**Information shown:**
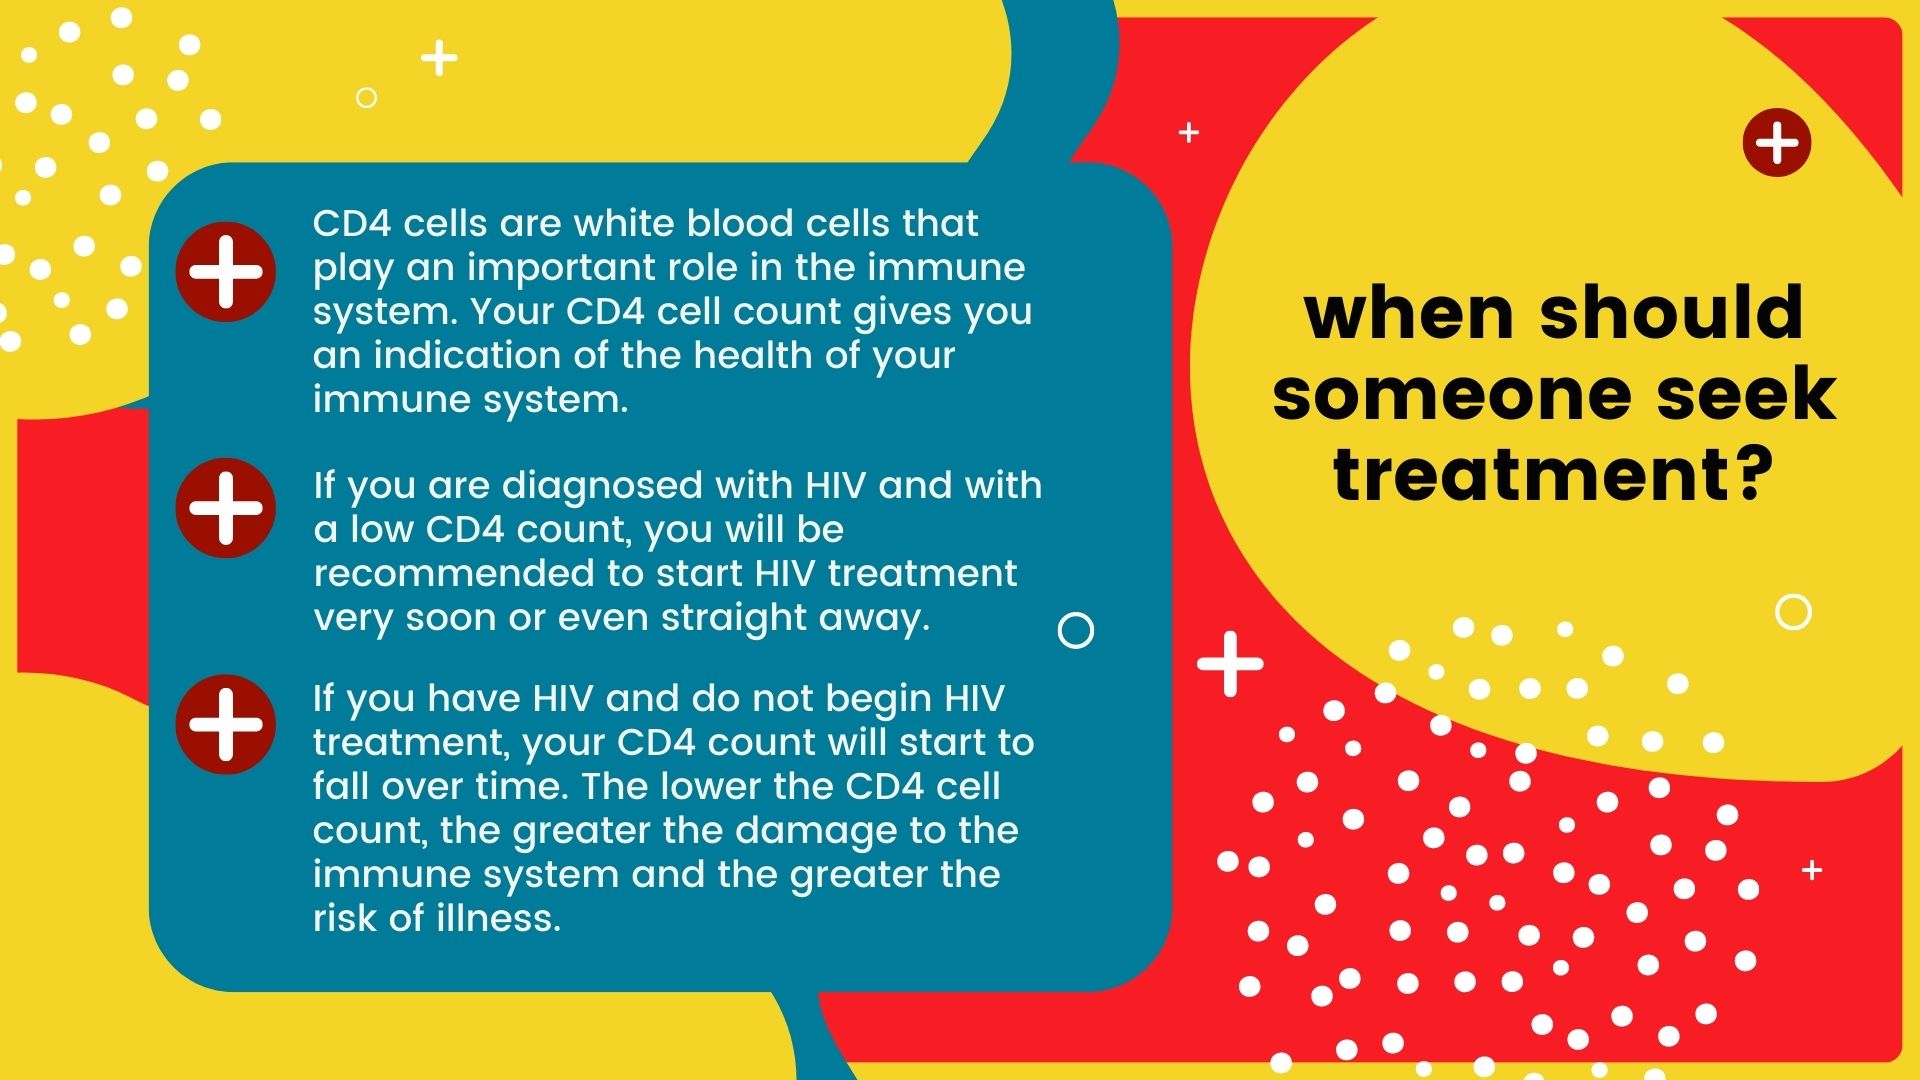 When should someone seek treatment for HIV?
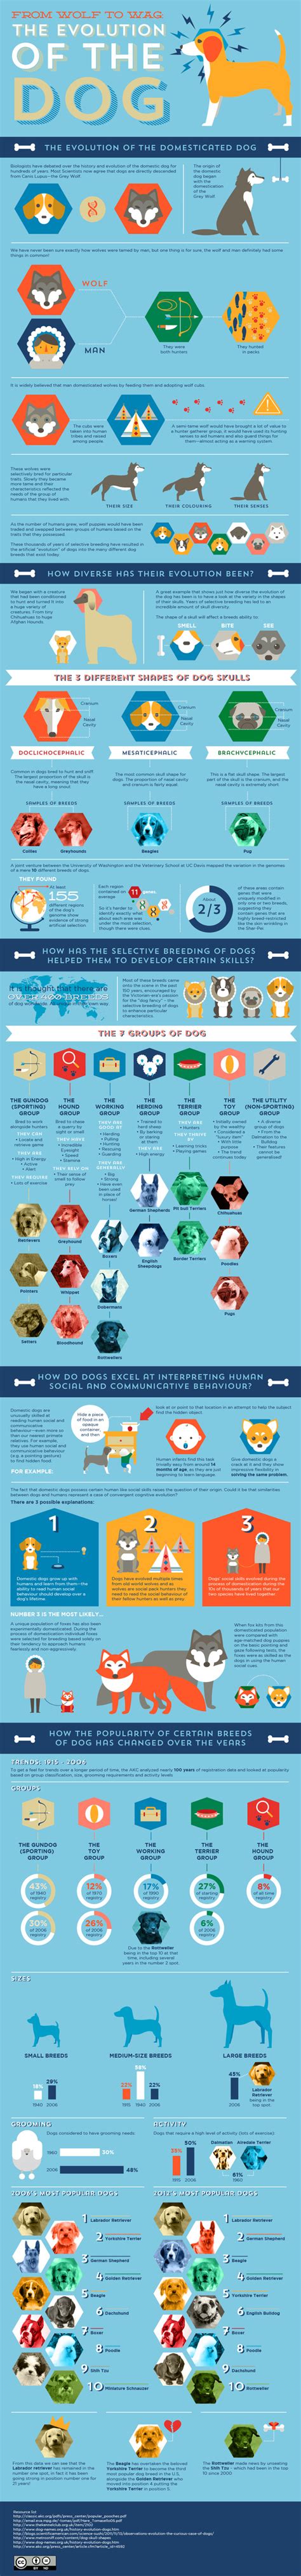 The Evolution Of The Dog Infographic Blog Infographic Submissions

--

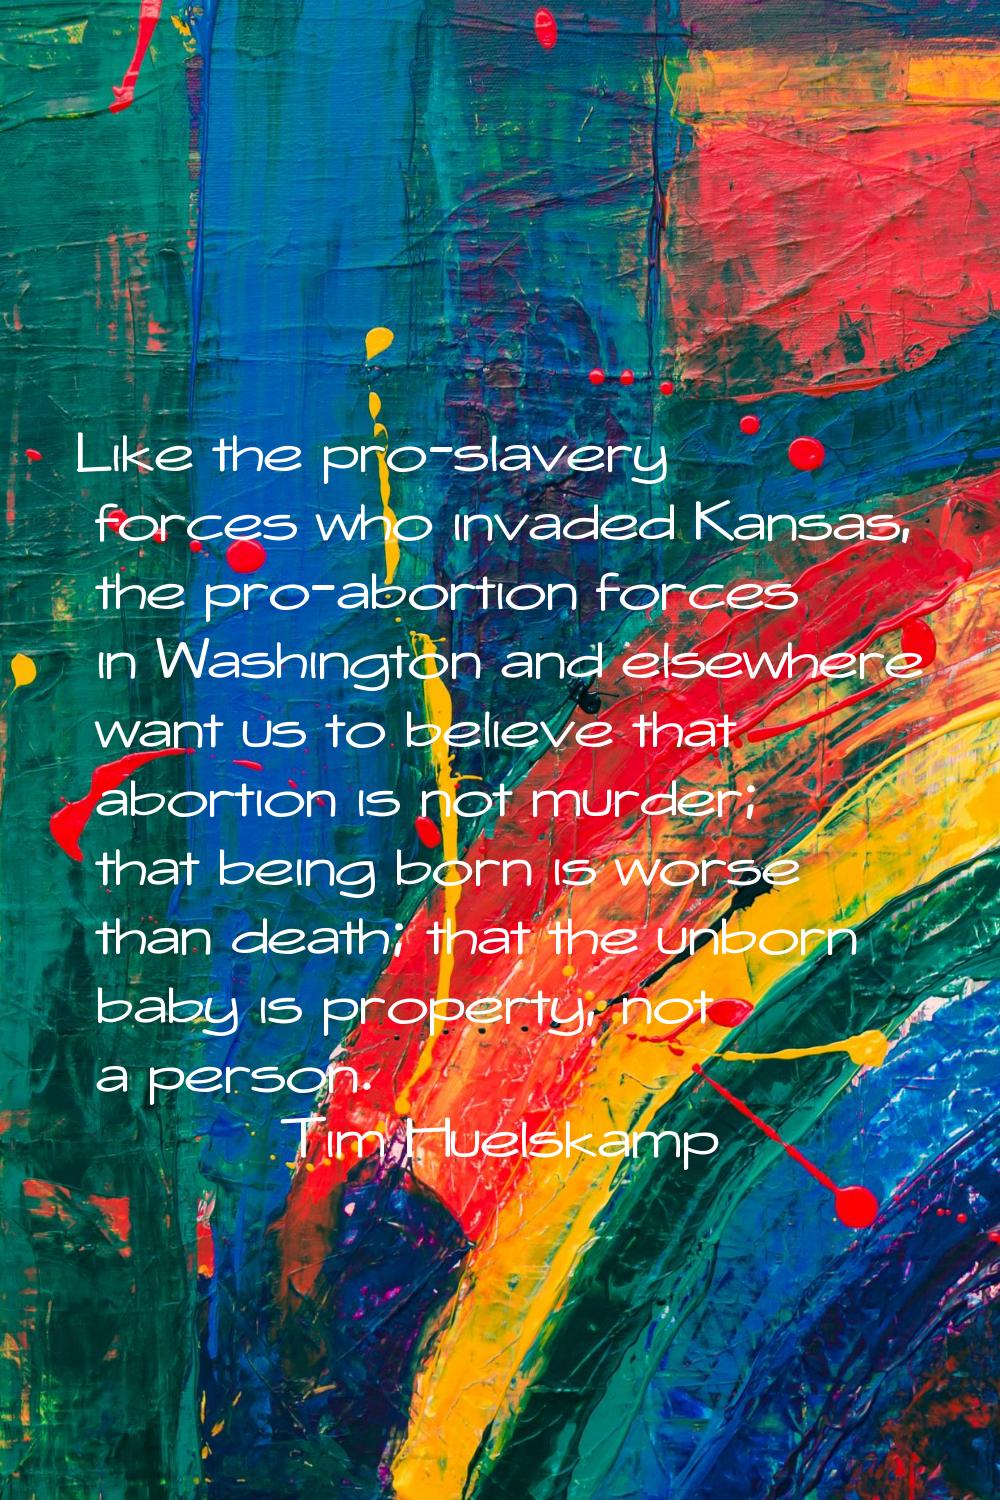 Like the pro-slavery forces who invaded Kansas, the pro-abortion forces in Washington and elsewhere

* * *

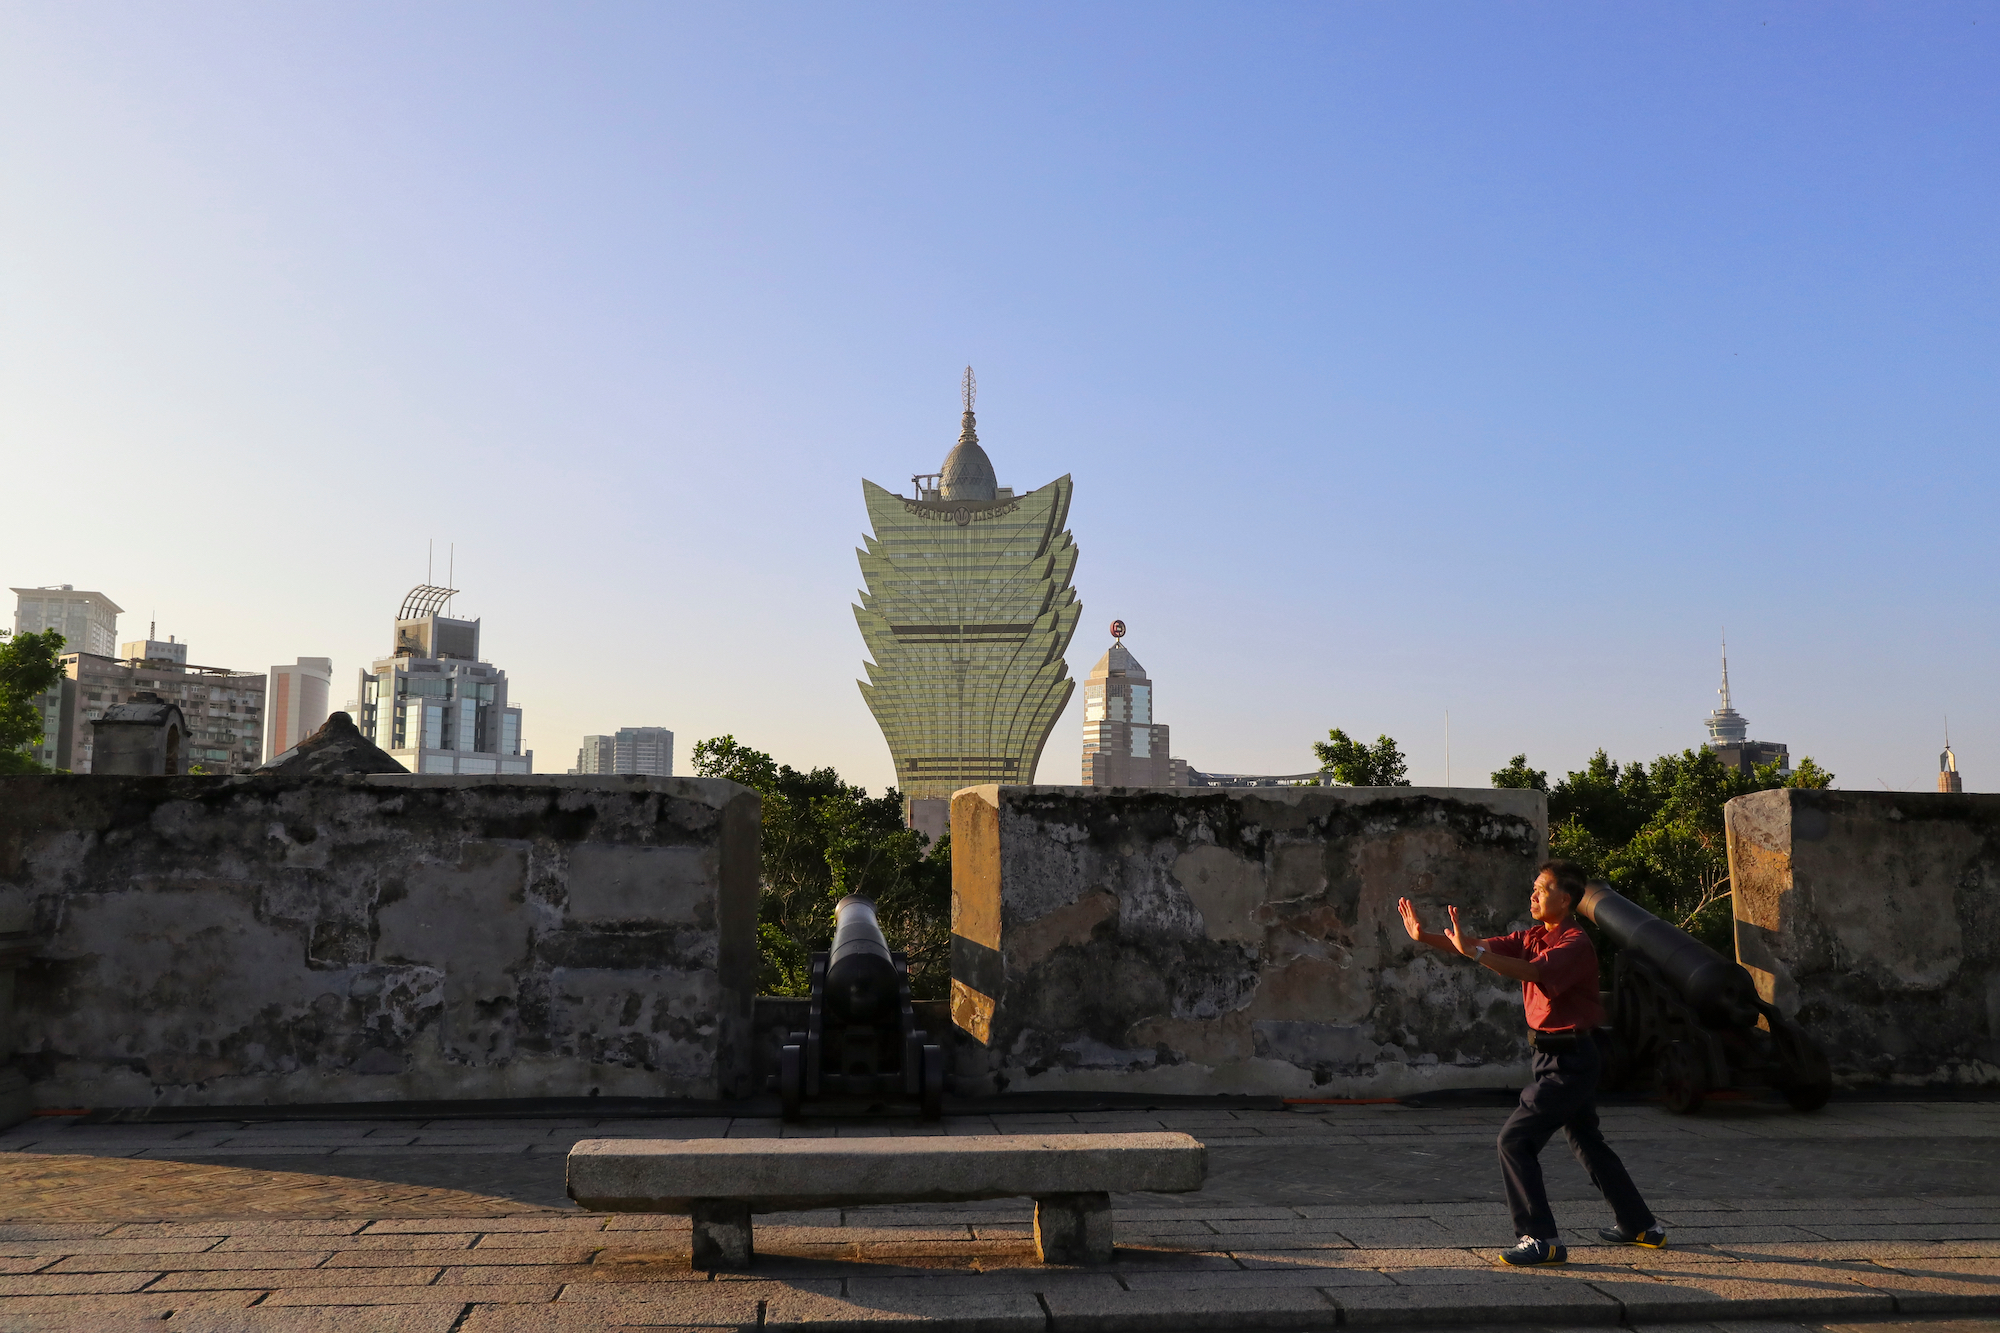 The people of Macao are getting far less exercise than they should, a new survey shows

**What you need to do:** Leave out every picture, and copy exactly the lines above starting at the one holding "When should someone seek treatment for HIV?" and ending at the one holding "The Evolution Of", no more and no less.

**Exercise result:**
 When should someone seek treatment for HIV?
 The Evolution Of The Dog Infographic Blog Infographic Submissions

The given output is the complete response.